Before that I worked as an art manager. I did art exchange projects between
countries that were in war with each other, like Slovenia and Serbia. So on
the 4th of April 1995 was the last day of my career as an art manager. I
had finished a good project, and that day I said as myself: Ok, now Im
into the internet, one way or another. I didn't know if I would end up
selling modems, or teaching DOS in elementary school. I didn't have a
strict goal, only had this gut feeling to go there. It just was the thing
for me. Then I was inivited to the first nettime meeting in Venice - well,
and the rest is history.
?: Had you worked as an artist before?
Cosic: I had done collages and other art works before, and really the only
thing that had changed was that I had discovered a new platform for my
creativity.
?: I noticed that some of the pieces on your homepage seem very literary.
Do you have a background in writing?
Cosic: I originally came out of writing, but then I developed a very
strange attitude about which platform I wanted to use. I first have the
idea, than I decide which medium it is going to be this time. I did land
art, I did exhibtions. I actually have three different biographies. I was
very active in politics, I was a candidate for the nobel peace prize with a
few friends, because I was a leader of student demonstrations in Belgrade.

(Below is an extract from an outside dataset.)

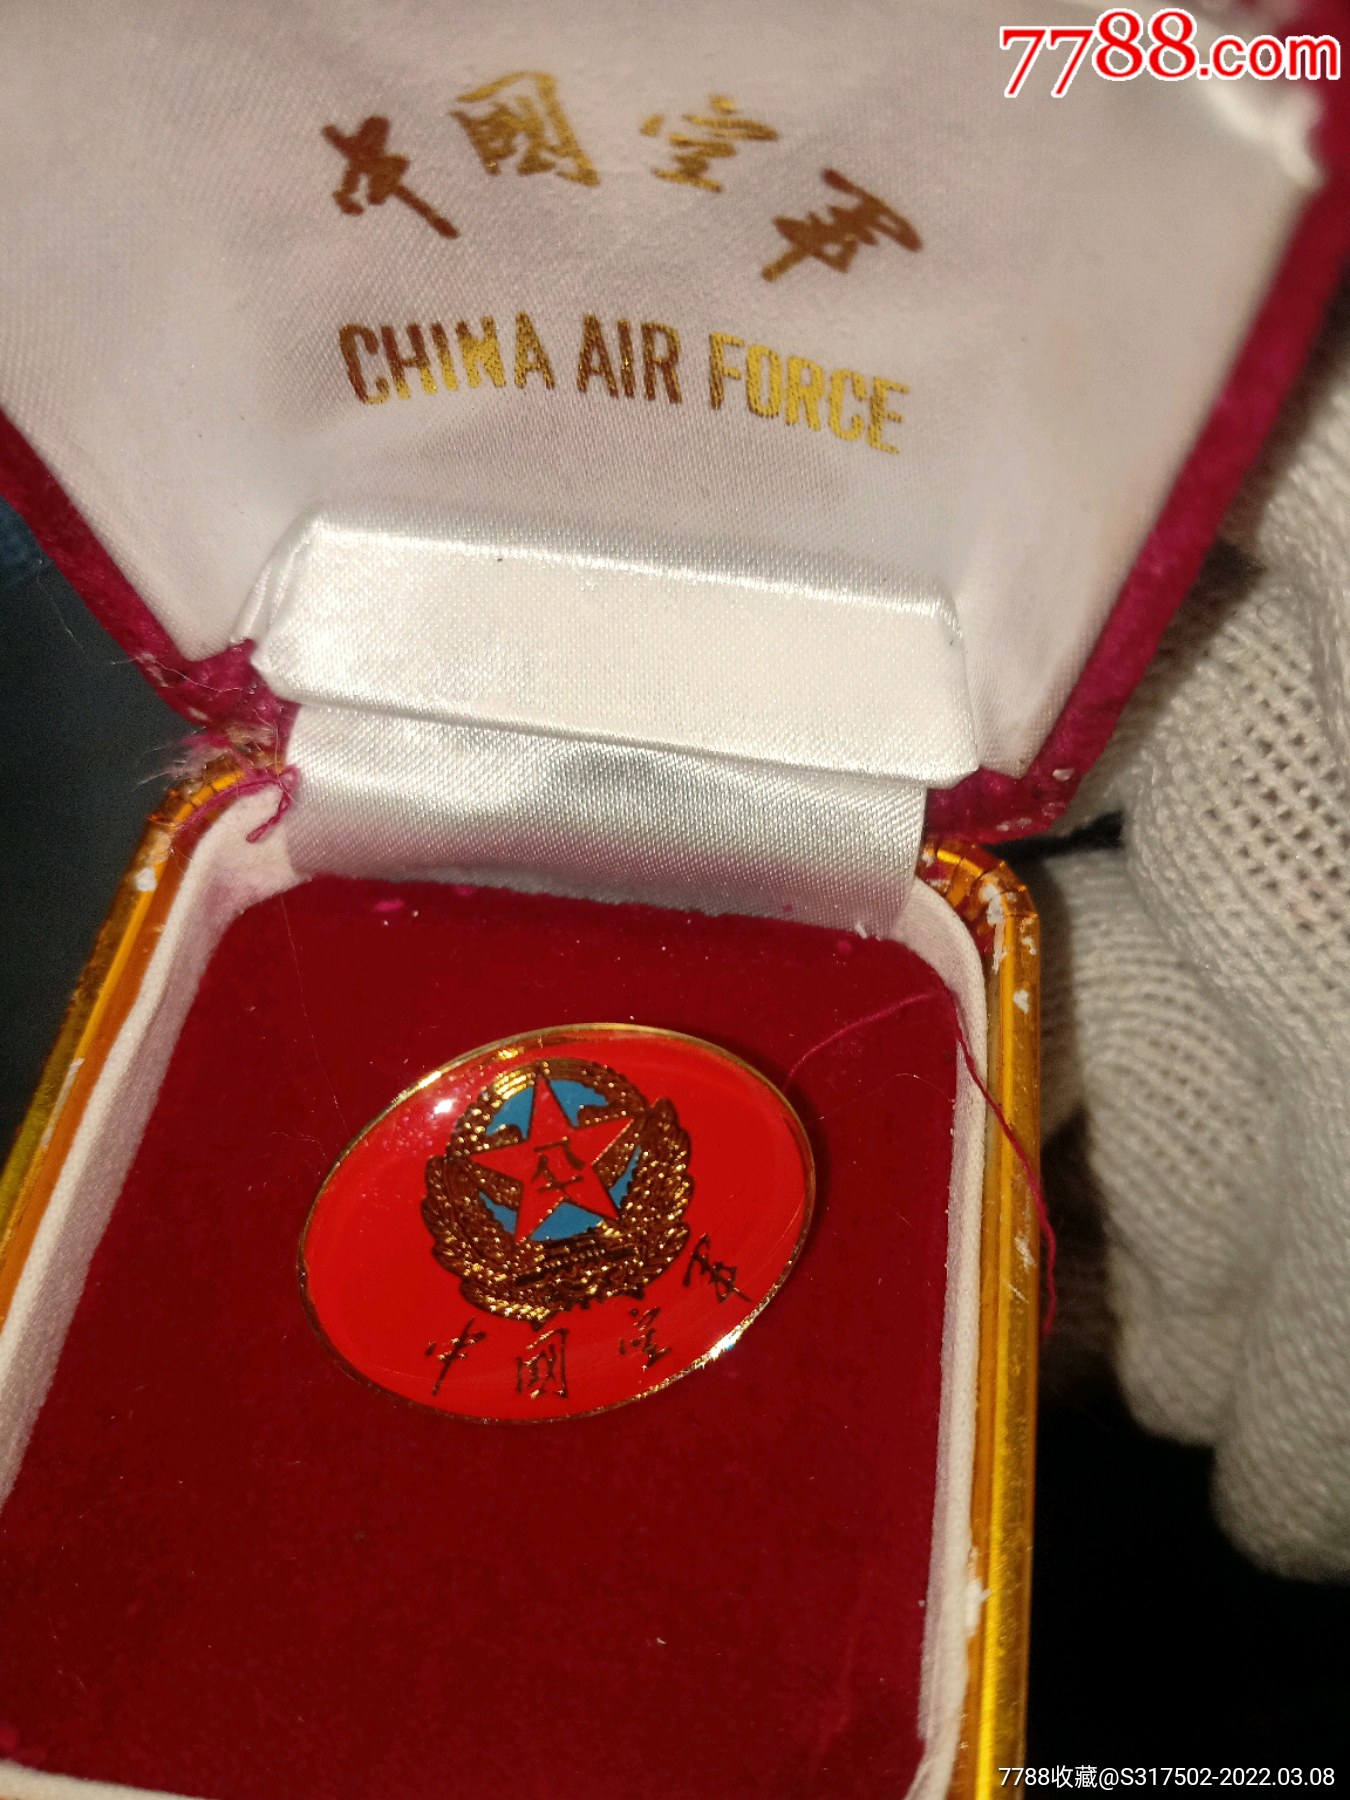 中国空军雷达兵徽章图片

Originally I am a archeologist by training. I am still sort of working on
my Ph.D. thesis, but I did not persue my career as an archeologist. I know
that your next question will be 'How come that an archeologist is working
on the internet?" I think that it is the same apparatus that has just been
turned around on the tripot, looking in the other direction...

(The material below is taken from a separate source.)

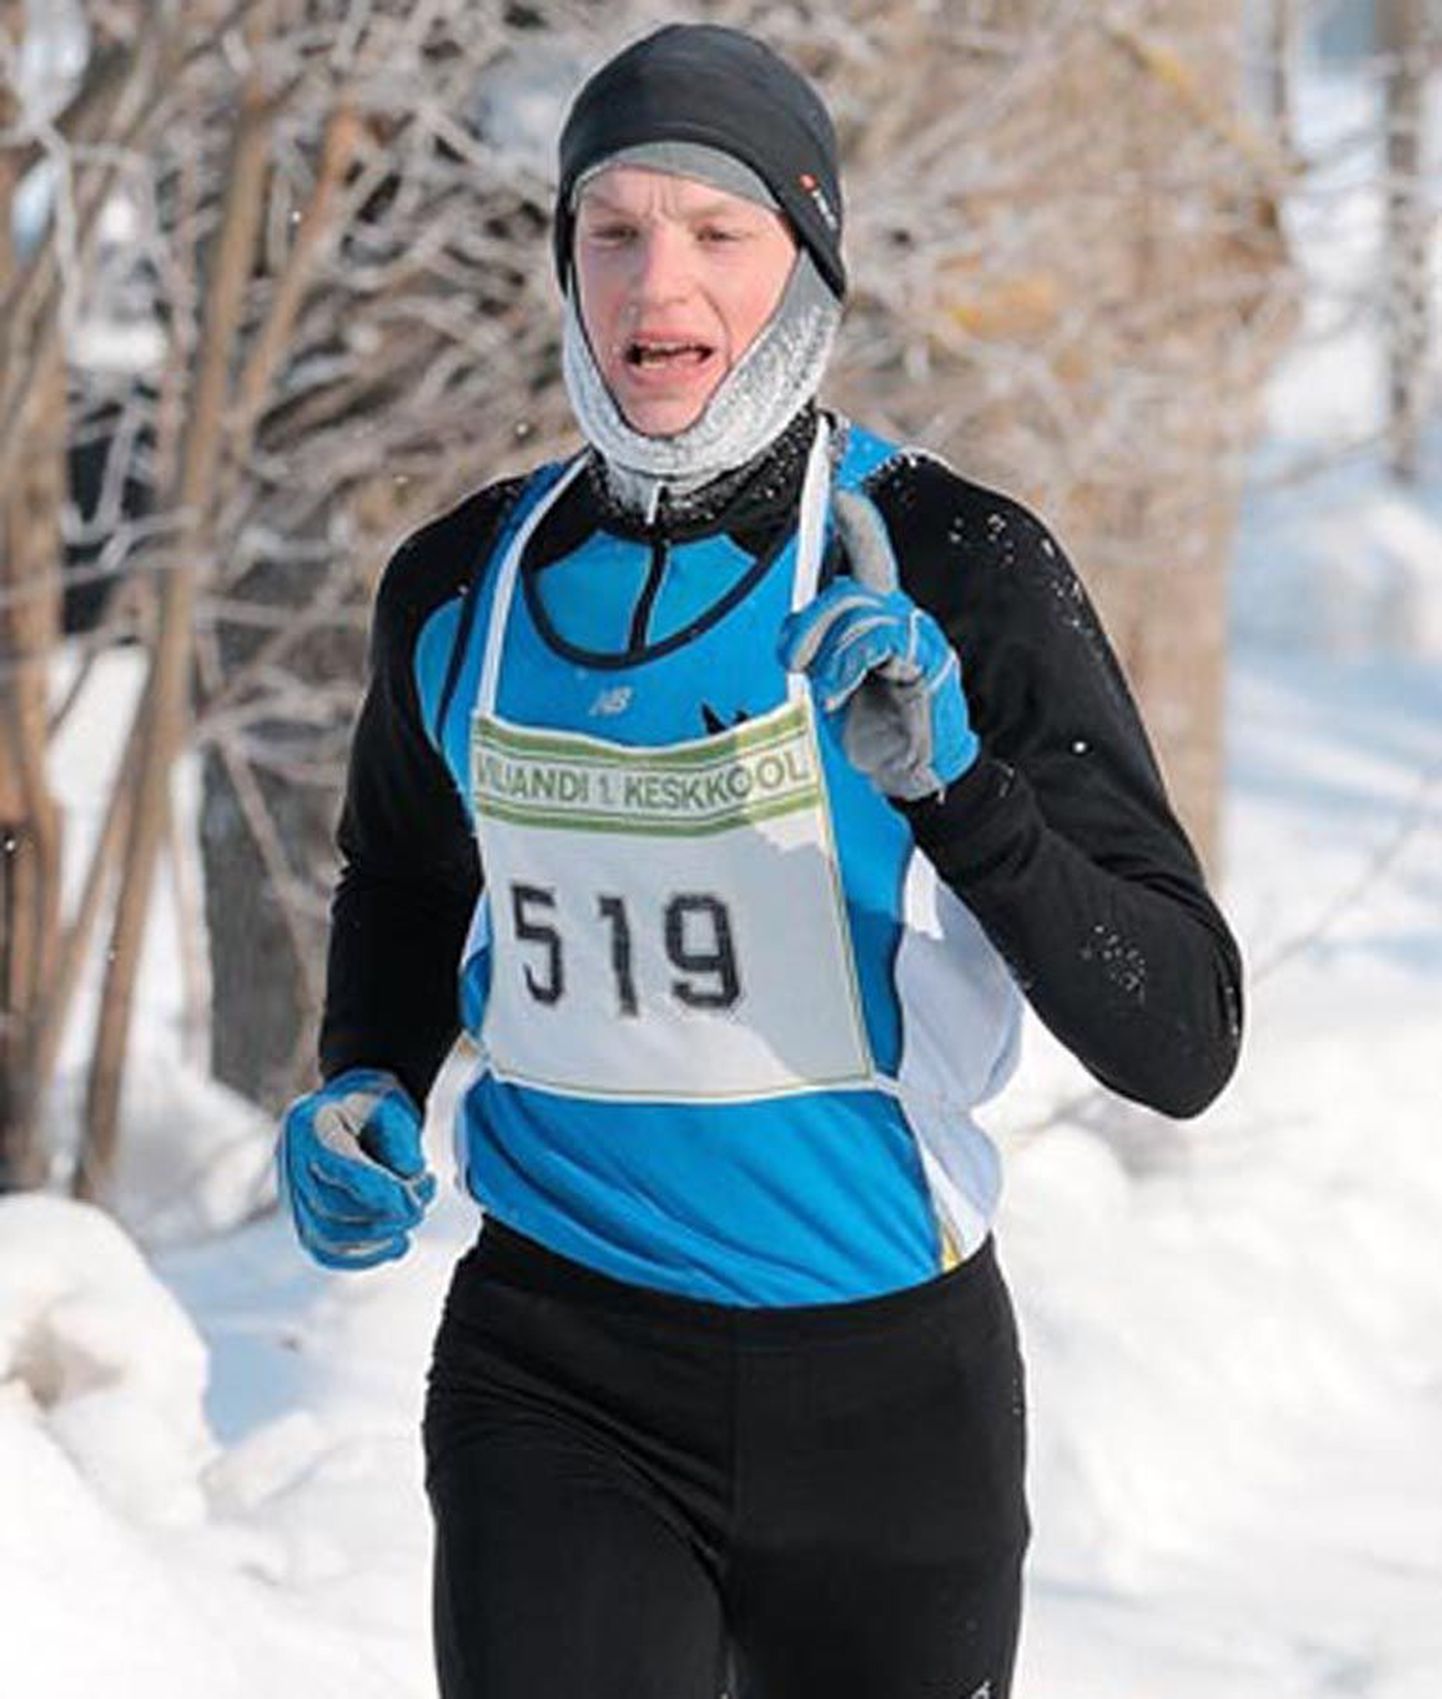 Külmas talveilmas peetud jooksu võitis Jaan Jänes.

?: So you are an archeologist of the future?
Cosic: Yeah, I am on that tripod.
?: Back to your career as aspiring net artists. Tell me how you got started
in this art form, in case it really is an art form...

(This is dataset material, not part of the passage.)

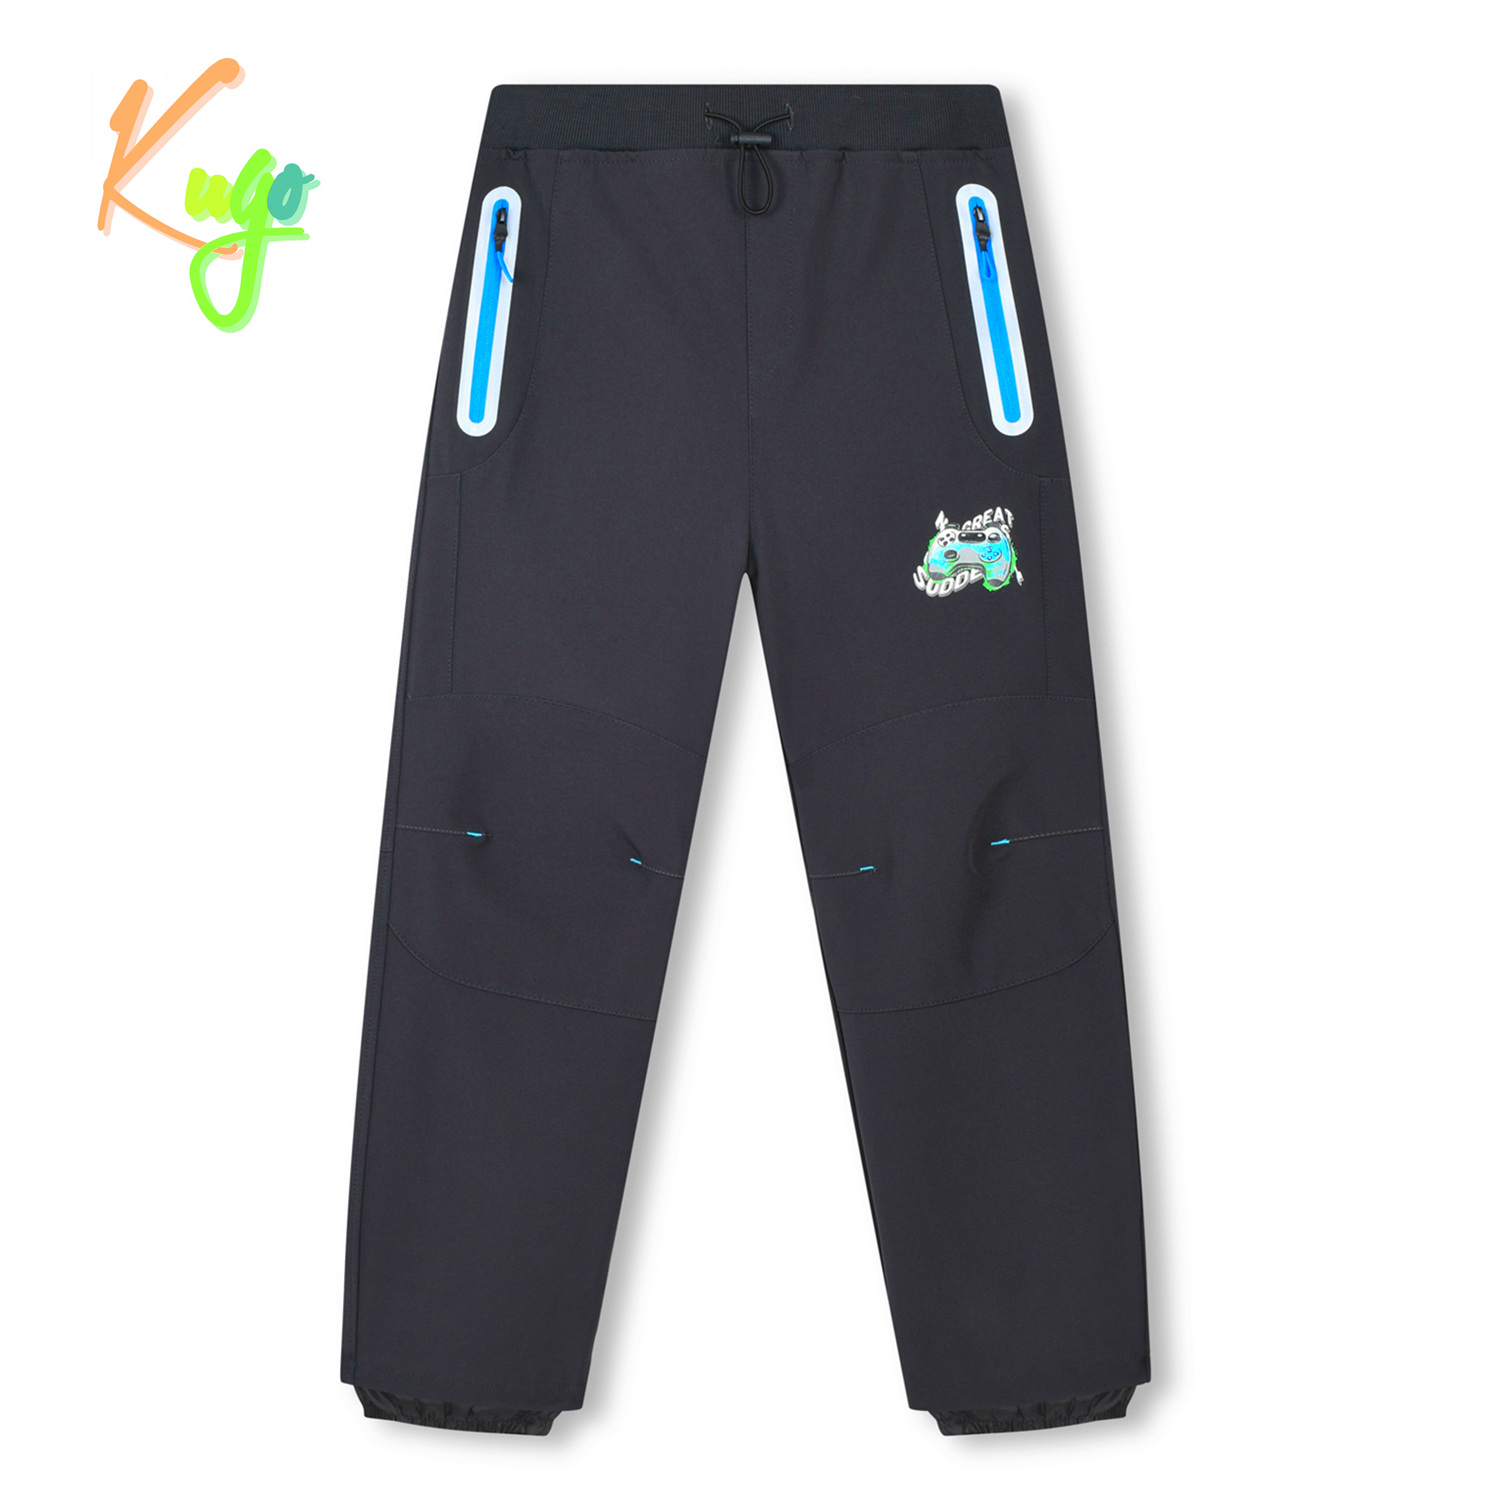 Chlapecké softshellové kalhoty - KUGO HK3118, šedá / modré zipy Barva: Šedá, Velikost: 146

Cosic: For some reason I didnt dare to do HTML for quite some time. I
didn't want to
dirty my hands, until I eventually understood how fucking simple it is.
When I finally
started, nothing could stop me. I did the first website that could be
called net art in May 1996 for a conference called "Net.art per se" that
took place in Trieste in Italy.
?: There is this one "found footage" page that you designed that looks the
homepage of CNN, except that the main headline is"Net.art found possible"
and that the hidden hotlinks all lead to other art websites...
Cosic: That was pretty surprising for a lot of people. And I was very
surprised that these guys at this conference appreciated my work. And
that's the beauty of all of this that developed out of this conference.
It's like me and Heath Bunting and Alexej Shulgin and Olia Lialina and Jodi
had studios next to each other, where we could look at what the others were
doing.
?: What do you mean with "having a studio next to each other"?
Cosic: You know, it's like Picasso and Braque in Paris in 1907...
?: But they were physically together...
Cosic: The output of a net artists is net art, which is obviously - because
of the qualities of the internet - accessible to everybody. And I can see
everything that they do in the moment they do it. It usually goes like
this: Jodi do something new - and they are crazy, they are maniacs, they
create something new every other day - and they send the URL to me, and
ask: What do you think about this? And there are collaborations over the
net, too, and group projects. We steal a lot from each other, in the sense
that we take some parts of codes, we admire each others tricks.
Jodi are very interesting in their exploration of technology, but Heath is
magnificent in his social awareness and his glorious egotism, or Alexej
with his russian temperament. Cyber-Majakowski, someone once called him. I
have the feeling that I know the greatest people that are alive in my time,
while they are still good. Now we have this communication system that
reminds me of the communication between the futurists or later the
dadaists. There were two guys in Berlin, four in guys in Paris, two in
Russia, and they all knew each other, and there were all 25 years old. How
did they get in touch? It was because of the strength of their believes and
the good communication channels, because there were a few guys traveling.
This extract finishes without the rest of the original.